The page http://www.imdb.com/chart/toptv/?ref_=nv_tp_tv250_2 contains the list of the top 250 tv shows of all time. Retrieve the page using the requests library and then parse the html to obtain a list of the `movie_ids` for these movies. You can parse it with regular expression or using a library like `BeautifulSoup`.

> **Hint:** movie_ids look like this: `tt2582802`
> _Everything after "/title/" and before "/?"_

In [19]:
def get_top_250():
    response = requests.get('http://www.imdb.com/chart/toptv/?ref_=nv_tp_tv250_2')
    html = response.text
    entries = re.findall("<a href.*?/title/(.*?)/", html) 
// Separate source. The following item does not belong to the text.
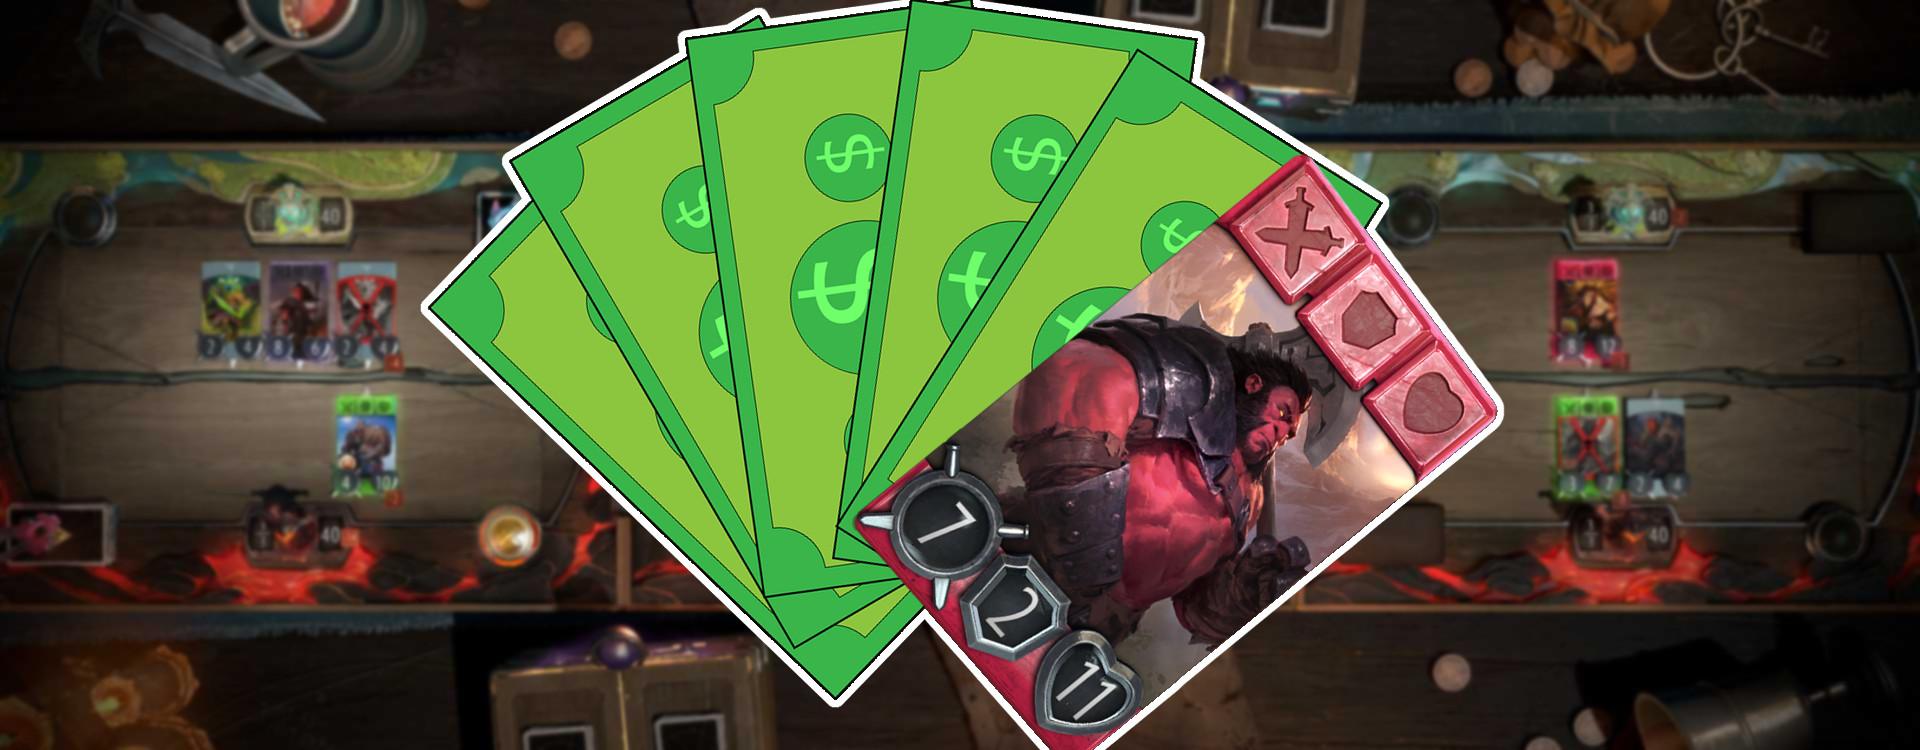 Artifact Axe kostet viel Geld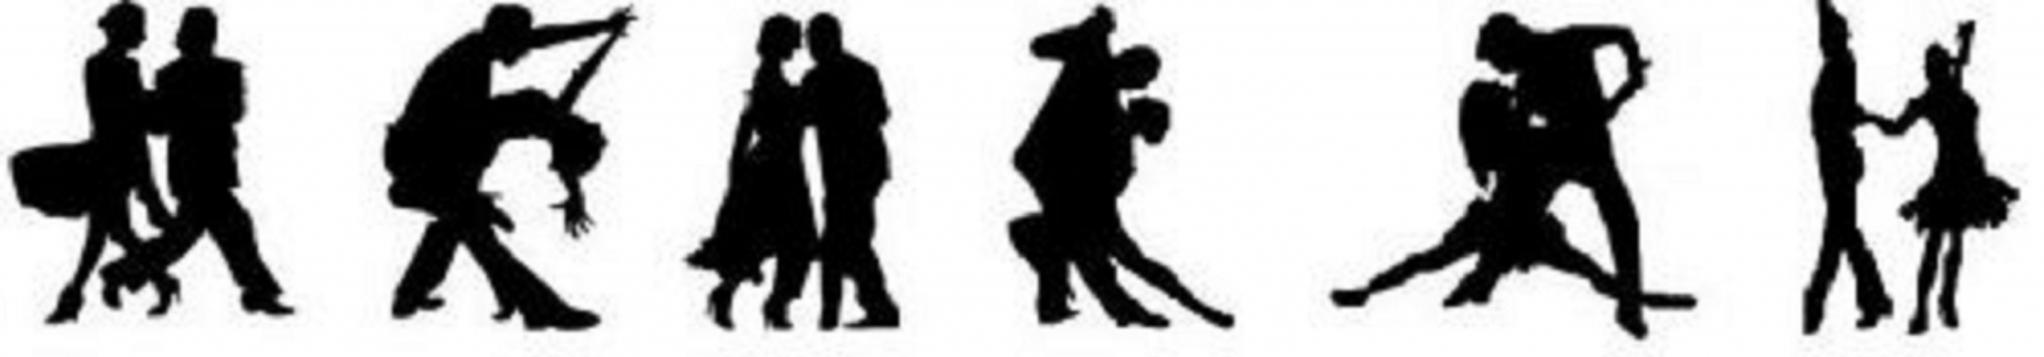 Comment choisir sa danse en couple : standard, latine, swing

    entries = re.findall("<a href.*?/title/(.*?)/", html) 
    # create a list of the top 250 results
    return list(set(entries))

In [20]:
entries = get_top_250()

In [21]:
len(entries)

251

In [22]:
entries[0]

'tt2017109'

### 3.B Get data on the top shows

Although the Internet Movie Database does not have a public API, an open API exists at http://www.tvmaze.com/api.

Use this API to retrieve information about each of the 250 TV shows you have extracted in the previous step.
1. Check the documentation of tvmaze's api to learn how to request show data by id.
- Define a function that returns a python object with select information for a given id.
    - Show name
    - Rating (avg)
    - Genre(s)
    - Network name
    - Premiere date
    - Status
> Tip: the json object can easily be converted into a python dictionary.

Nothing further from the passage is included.